Откинув верх, я заглянул внутрь салона. На водительском месте следов крови я не нашел. Боковые карманы на дверцах были пусты. К торпедо была приклеена серебряная фигурка святого Христофора. Я оторвал ее: может, ее захочет оставить себе фрау Бухендорфф, хотя Мишке Христофор не помог.[68]Стерео-установка напомнила мне тот субботний день, когда я ехал за Мишке из Гейдельберга в Мангейм. В магнитоле еще торчала кассета. Я вынул ее и сунул себе в карман.

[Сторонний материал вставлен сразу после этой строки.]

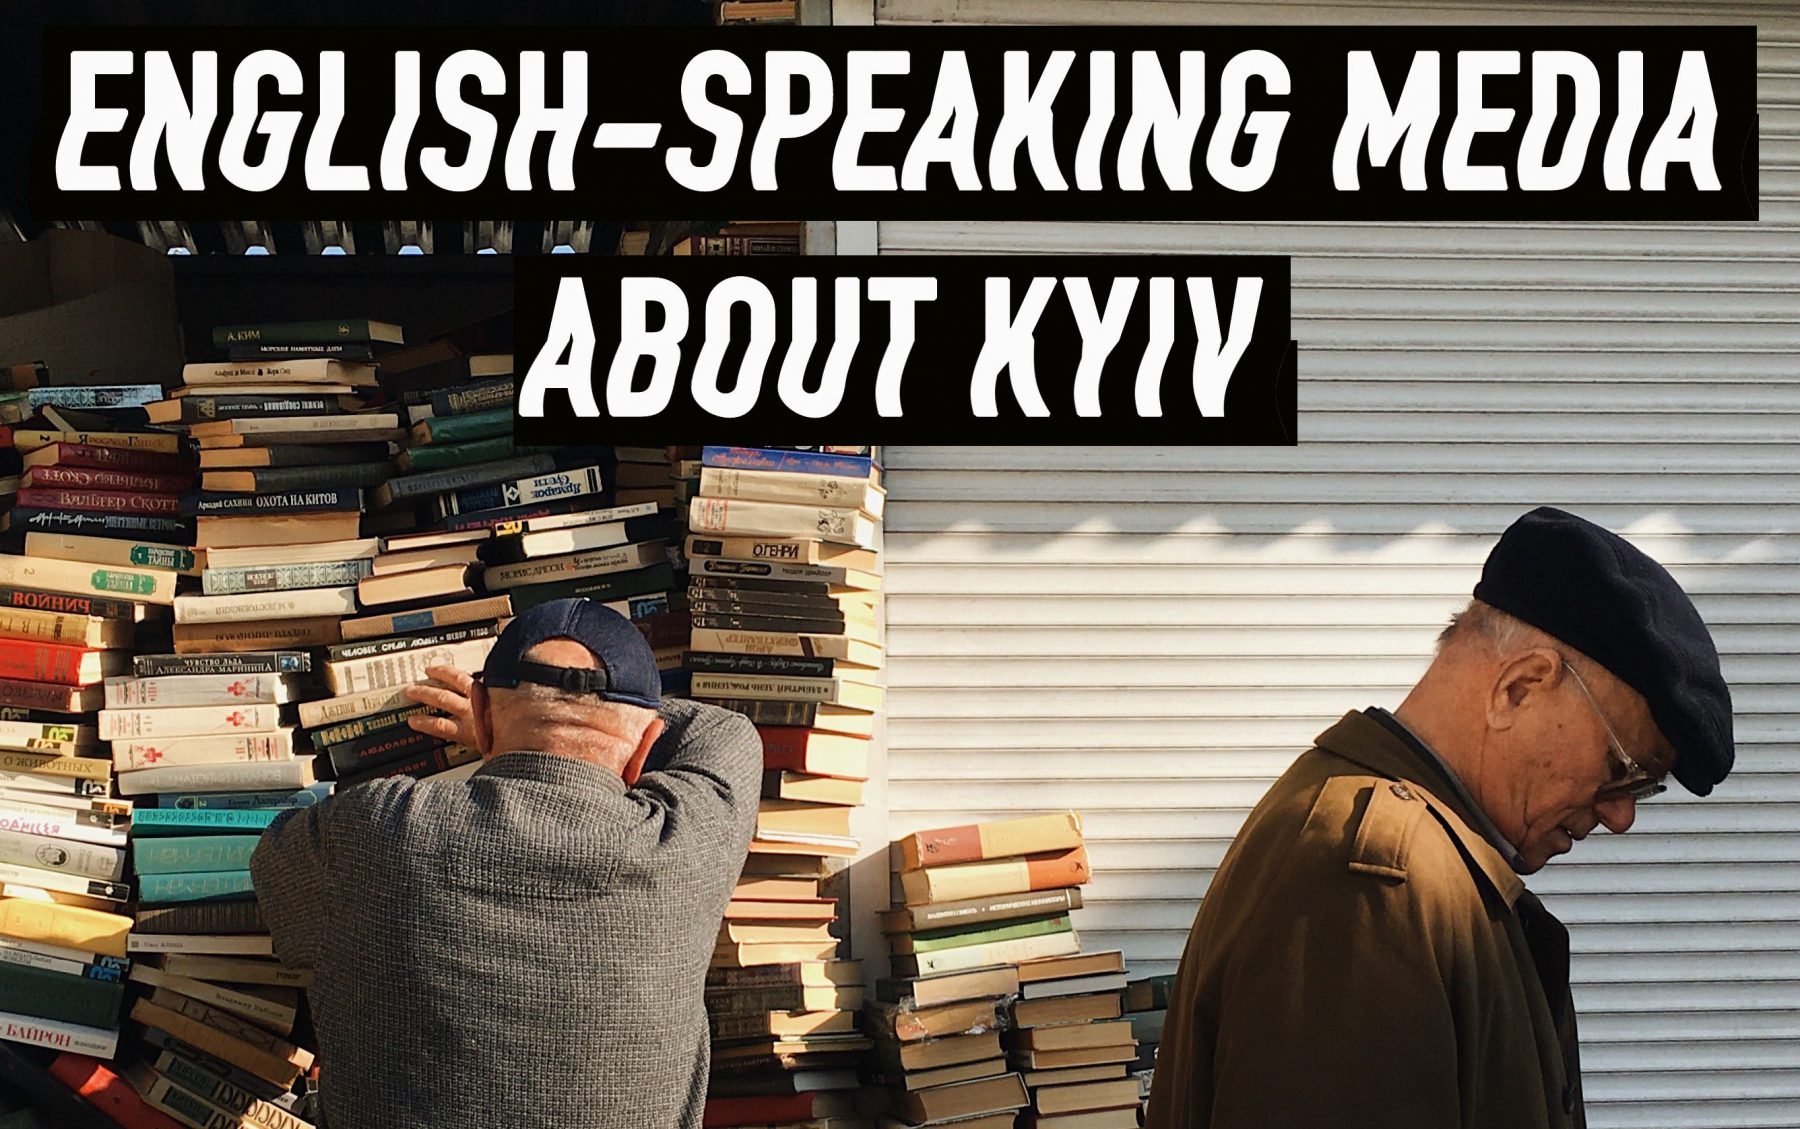 English-speaking media about Kyiv and Ukraine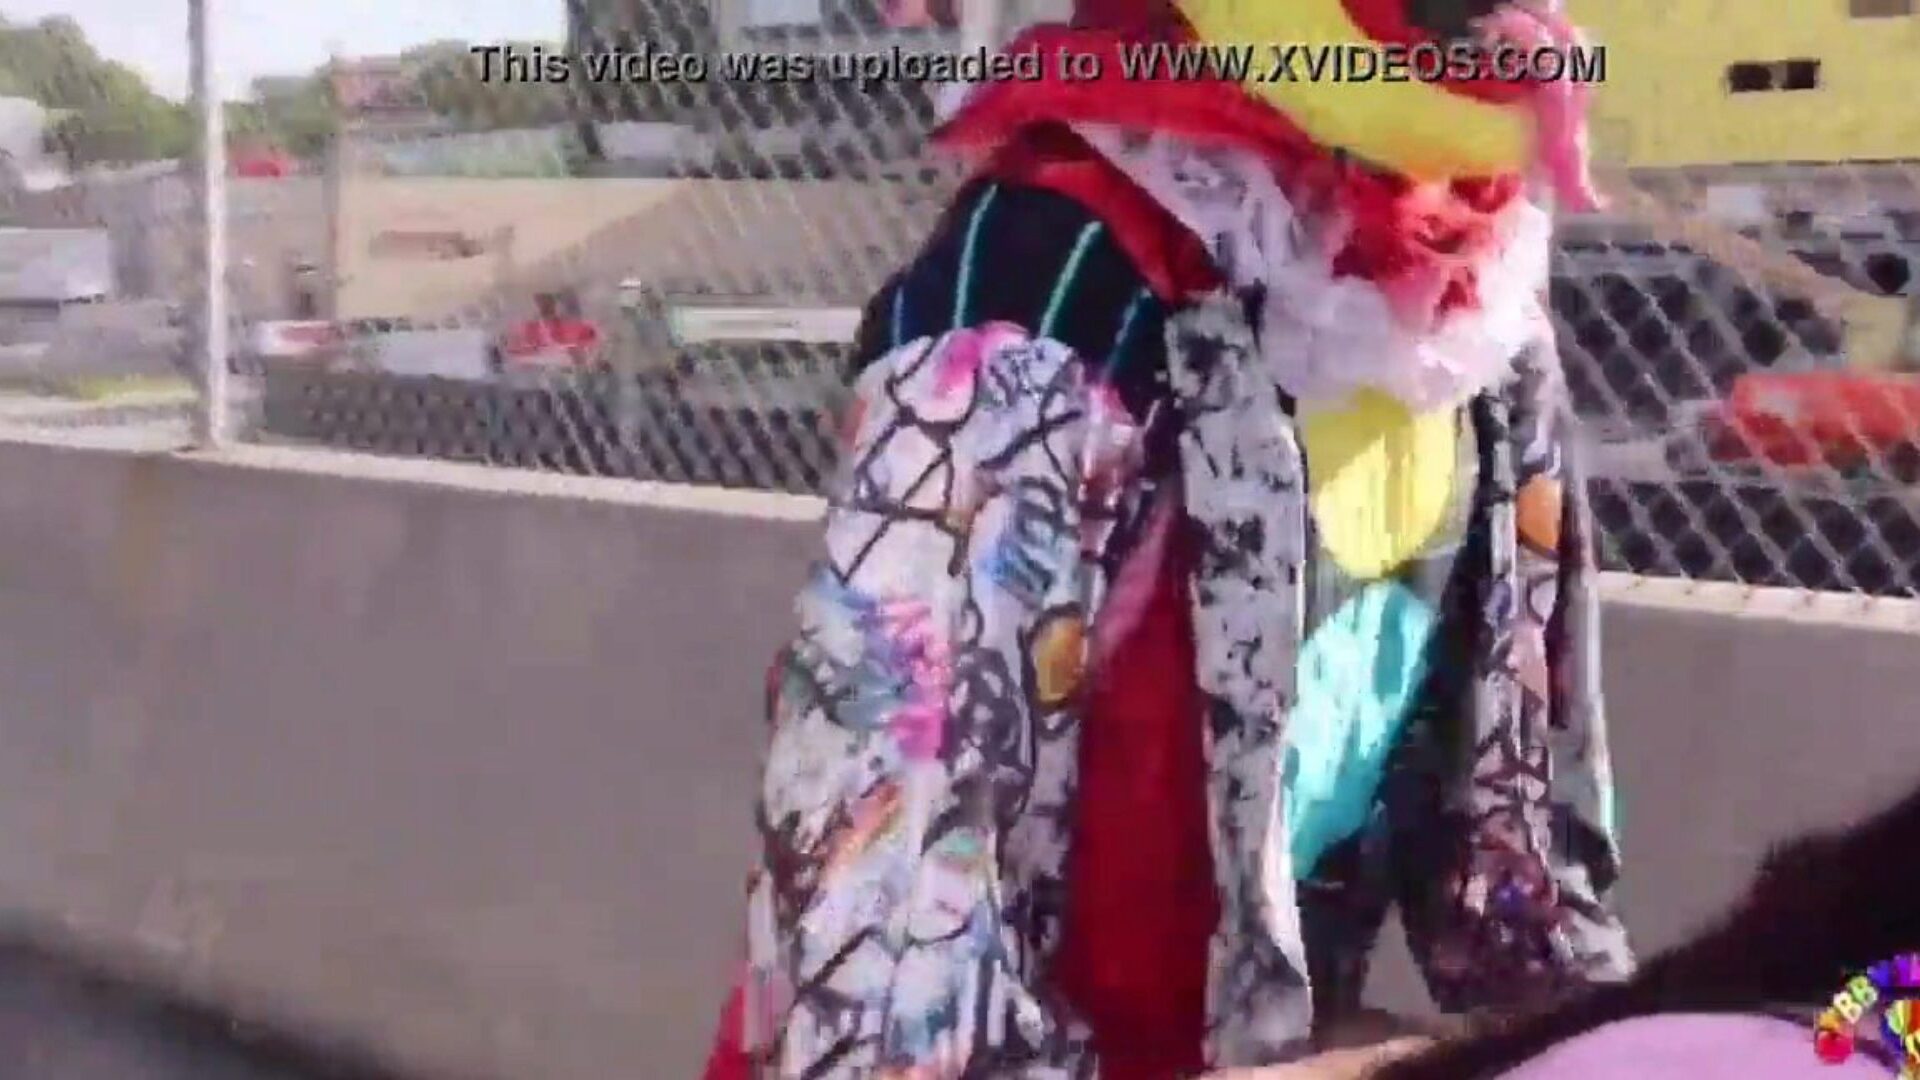 клоун гибби трахает сочную футболку на самом популярном шоссе атланты

В механике я разбираюсь плохо. Поэтому я не стал тупо таращиться в моторный отсек или ползать под днищем. Того, что я увидел, было достаточно, чтобы представить себе столкновение машины с ограждением моста и падением на рельсы. Я достал из кармана плаща свой маленький «Ролляй» и сделал несколько снимков. К протоколу, который мне дал Нэгельсбах, прилагалось несколько фотографий, но на бумажной копии трудно было что-нибудь разглядеть.
Вернувшись в Мангейм, я первым делом поехал в городскую больницу, отыскал кабинет Филиппа, постучал и вошел. Он не успел спрятать пепельницу с дымящейся сигаретой в ящик стола.
— А, это ты! — с облегчением произнес он. — Я обещал старшей сестре, что больше не буду курить. А ты здесь какими судьбами?
— Хочу попросить тебя об одном одолжении.
— Давай ты попросишь меня о нем за кофе. Пойдем в нашу столовую.
Когда он шагал впереди меня по коридорам в развевающемся белом халате, отпуская в адрес каждой хорошенькой медсестры по фривольной шутке, он был похож на Петера Александера в роли графа Данило.[69]В столовой он что-то зашептал мне про белокурую сестру, сидевшую через три столика от нас. Она посмотрела в нашу сторону; это был взгляд голубоглазой акулы. Я люблю Филиппа, но если его когда-нибудь сожрет вот такая вот акула, то я буду знать, что он это честно заслужил.